Takes: Filter events. Sends: Filter events.
The input is two or three documents, the first document contains the base translations, the second one and optionally the third one, contain the translations to compare to the base translations. The input documents must have the same number of text units and the text units must be in the same order (but you can have different events between text units).
For each entry the step compares the translated texts and calculates scores that measure how similar the text of the second document (and optionally the third one) is compared to the text of the baseline translation.
Each entry has two scores, ED-Score and FM-Score. The range of the scores is 0 and 100, where 0 represents the extreme difference between the segments, and 100 – absolutely no difference between the two segments.
- ED-Score is an Edit Distance score based on the Levenshtein distance and additional processing. You can find more information on that metric at http://en.wikipedia.org/wiki/Levenshtein_distance.
- FM-Score is a Fuzzy Match score based on Sørensen-Dice's Coefficient with 3-grams. You can find more information on the coefficient at http://en.wikipedia.org/wiki/Dice's_coefficient.
The Summary section of the report has additional statistics that may help with understanding of the differences between the compared documents.
Table of scores. This is a table listing the number of matches broken up into 11 groups. If a word count is available, the corresponding source word count is included in the table.
- Total Number of Segments.
- Total Number of Words.
- Average word count per segment. The formula is (Total Number of Words) / (Total Number of Segments).
- Average ED-Score (by segment). All ED-Scores are averaged among all segments. The formula is (The sum of all ED scores) / (Total Number of Segments).
- Average FM-Score (by segment). All FM-Scores are averaged among all segments. The formula is (The sum of all FM_scores) / (Total Number of Segments).
- Average ED-Score (by word). Each word in a segment is assigned the ED-Score of the segment. Then all word ED-Scores are averaged among all words. The formula is (The sum of all (words in a segment) * (segment’s ED-Score)) / (Total Number of Words).
- Average FM-Score (by word). Each word in a segment is assigned the FM-Score of the segment. Then all word FM-Scores are averaged among all words. The formula is (The sum of all (words in a segment) * (segment’s FM-Score)) / (Total Number of Words).

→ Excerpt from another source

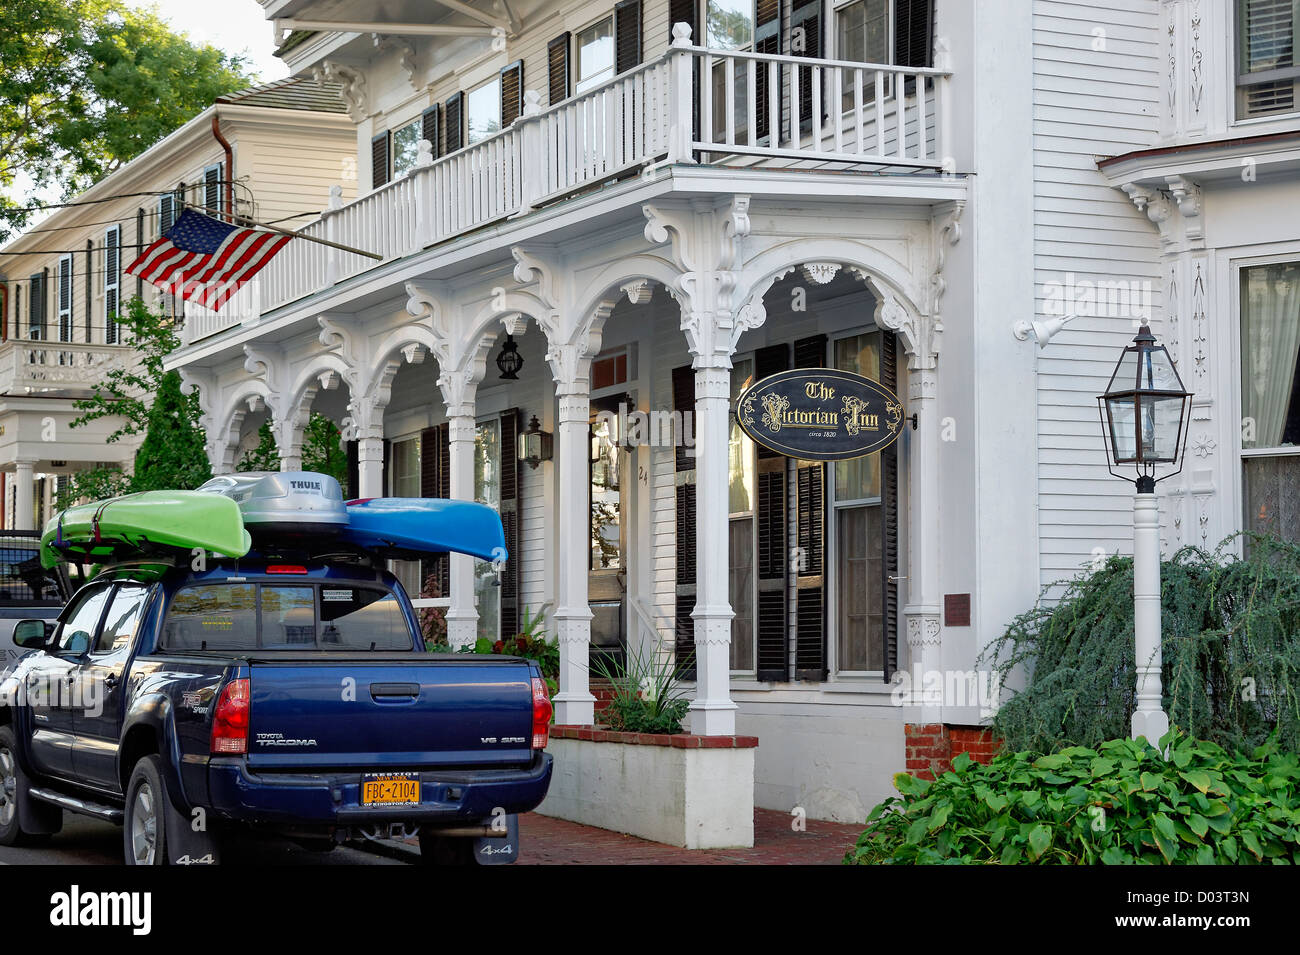 The Victorian Inn, Edgartown, Martha's Vineyard, Massachusetts, USA Stock Photo

- Edit Effort Score. This is a numerical value that corresponds to the amount of effort an editor may have applied when changing text from first to the second document. In order to calculate it, we first average the by-word Average ED-Score and Average FM-Score. We use the ‘by-word’ scores, because we want to account for the length of segments, e. i. longer segments take more effort. Then we reverse the scale, so that 0 represents no effort and 100 represents most effort that is applied to changing the text from the first document to the second. The formula is 100 - (Average ED-Score (by word) + Average FM-Score (by word)) / 2.
.
The utility outputs an HTML document for each input documents. The HTML document lists the source text, the translation text and the resulting scores. You can also generate a TMX document containing the same information.
Parameters
Generate output tables in HTML — Set this option to create one HTML file for each input document, where the results of the comparisons are listed. The name of the HTML result file is the name of the first document, plus an .html
extension.
When this option is selected the step also generates a tab-delimited file with the scores of each entry in the document. The name of this file is the name of the first document, plus an .txt
extension.
Use generic representation (e.g. <1>...</1>) for the inline codes — Set this option to output the HTML report using a generic representation for inline codes (e.g. <1>...</1>
. If this option is not set, the output uses the original code whenever possible. Note that some formats may have long and complicated original codes.

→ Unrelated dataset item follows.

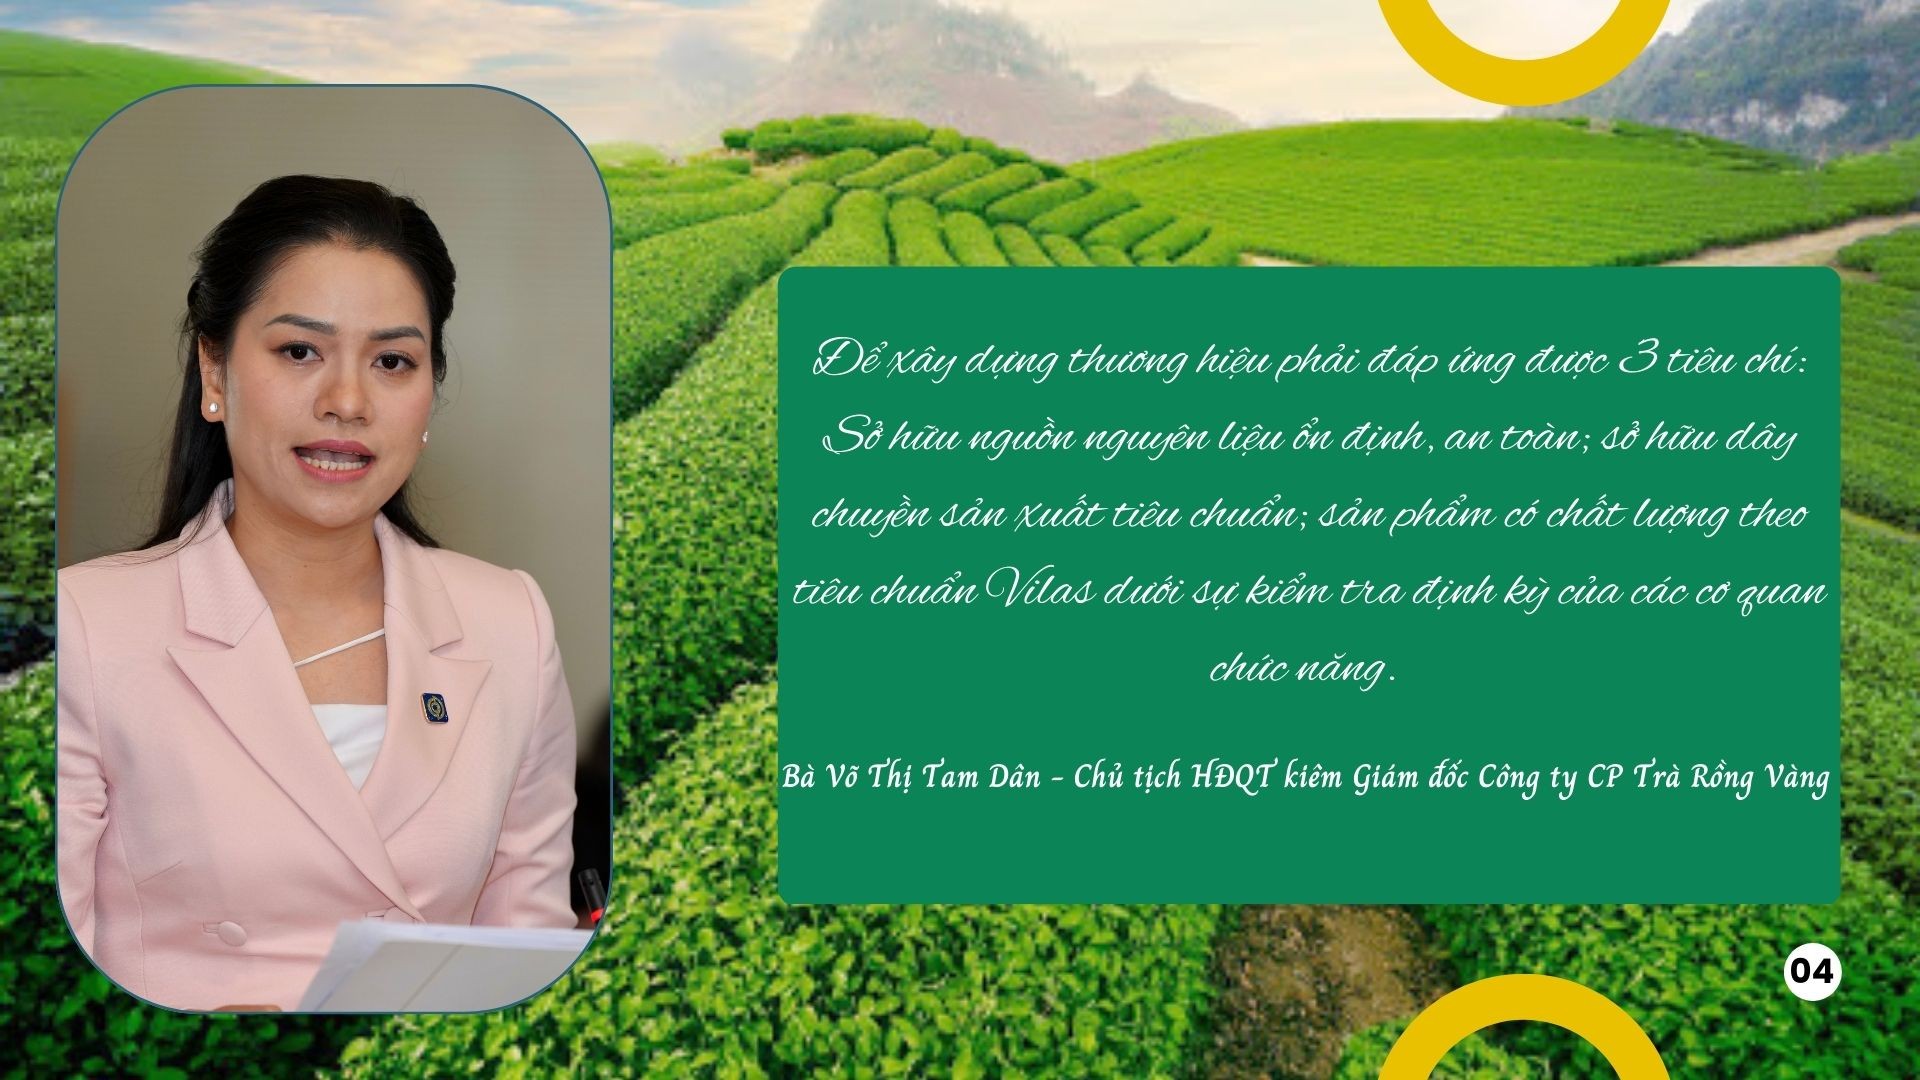 “Bí kíp” xây dựng thương hiệu thành công cho nông sản Việt

Open the first HTML output after completion — Set this option to open the first HTML result file created when the process is completed.
Generate a TMX output document — Set this option to create one single TMX document that contains all the translations compared and their scores, for all input documents. You can use the variables ${rootDir}
and ${inputRootDir}
, as well as any of the source or target locale variables (${srcLoc}
, ${trgloc}
, etc).
Enter the full path of the TMX document to generate.

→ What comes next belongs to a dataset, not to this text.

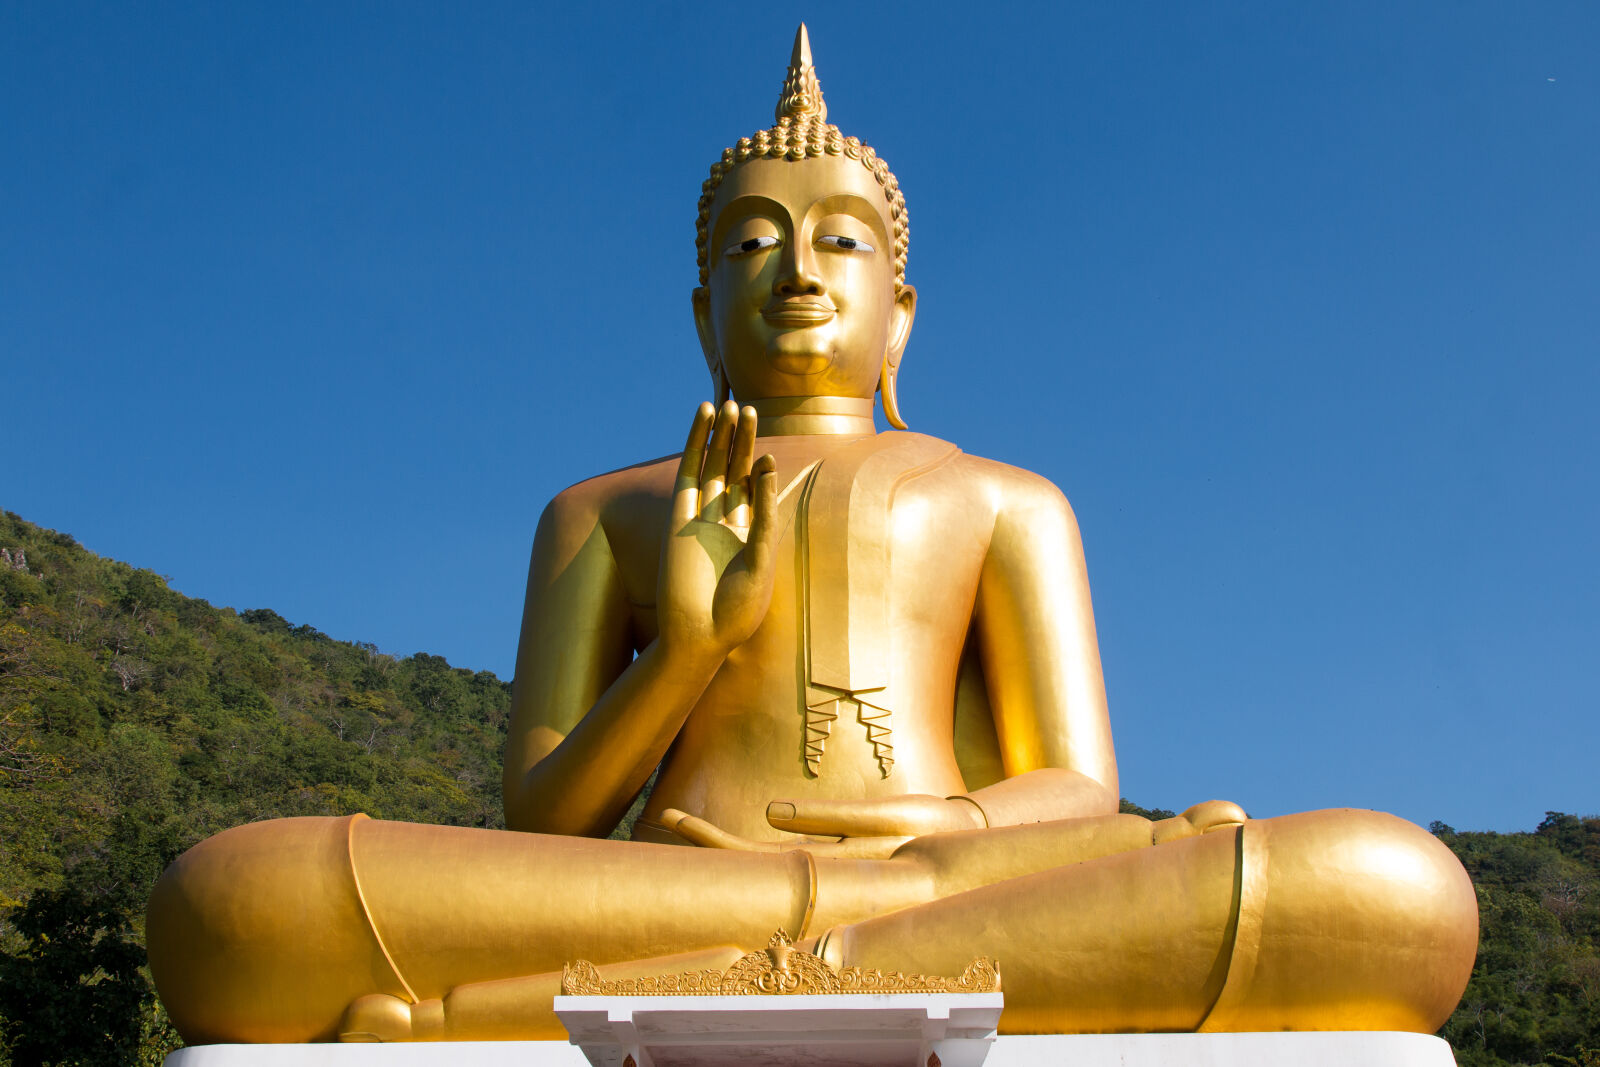 Canon EOS 70D sample photo. Statue, golden, buddha, sky photography

Suffix for the target language code of the document 2 — Enter the suffix to append to the target language code for the second set of target entries. For example, enter -mt
to indicate that the second target language is a machine-translation generated text. If you do not enter a suffix, the language code for both target entries will be the same and the TMX document will include only the last one.
Suffix for the target language code of the document 3 — Enter the suffix to append to the target language code for the third set of target entries.
Use alt-trans for document 1 — Set this option if the document 1 is an XLIFF file and you want to use as the base target the target of a given <alt-trans>
element. This option is to, for example, compare the human translation done by a linguist in a XLIFF file with the MT candidate that was provided for the same entry: You simply specify the same file for both document 1 and 2.
Value of the original attribute — Enter the value of the original
attribute of the <alt-trans>
element that should be used. If no element is found for a given trans-unit, that trans-unit will not be include in the report.
Label for the document 1 — Enter an optional label that is used in the report to label the base translation.
Label for the document 2 — Enter an optional label that is used in the report to label the second translation.
Label for the document 3 — Enter an optional label that is used in the report to label the optional third translation.
Take into account case differences — Set this option to take into account case differences when calculating the scores.
Take into account white-space differences — Set this option to take into account white-space differences when calculating the scores.
Take into account punctuation differences — Set this option to take into account punctuation differences when calculating the scores.
Append the average results to a log — Set this option to append the average scores for each document at the end of a log file. Enter the full path of the log file.
The log file created is a tab-delimited file in UTF-8 with the following fields: Time stamp in UTC, path of the base document, path of the second document, edit-distance score, fuzzy score. For example:
2013-04-01 16:09:14+0000 /C:/myProject1/machine.tmx /C:/myProject1/human.tmx 93.75 96.50
Limitations
- None known.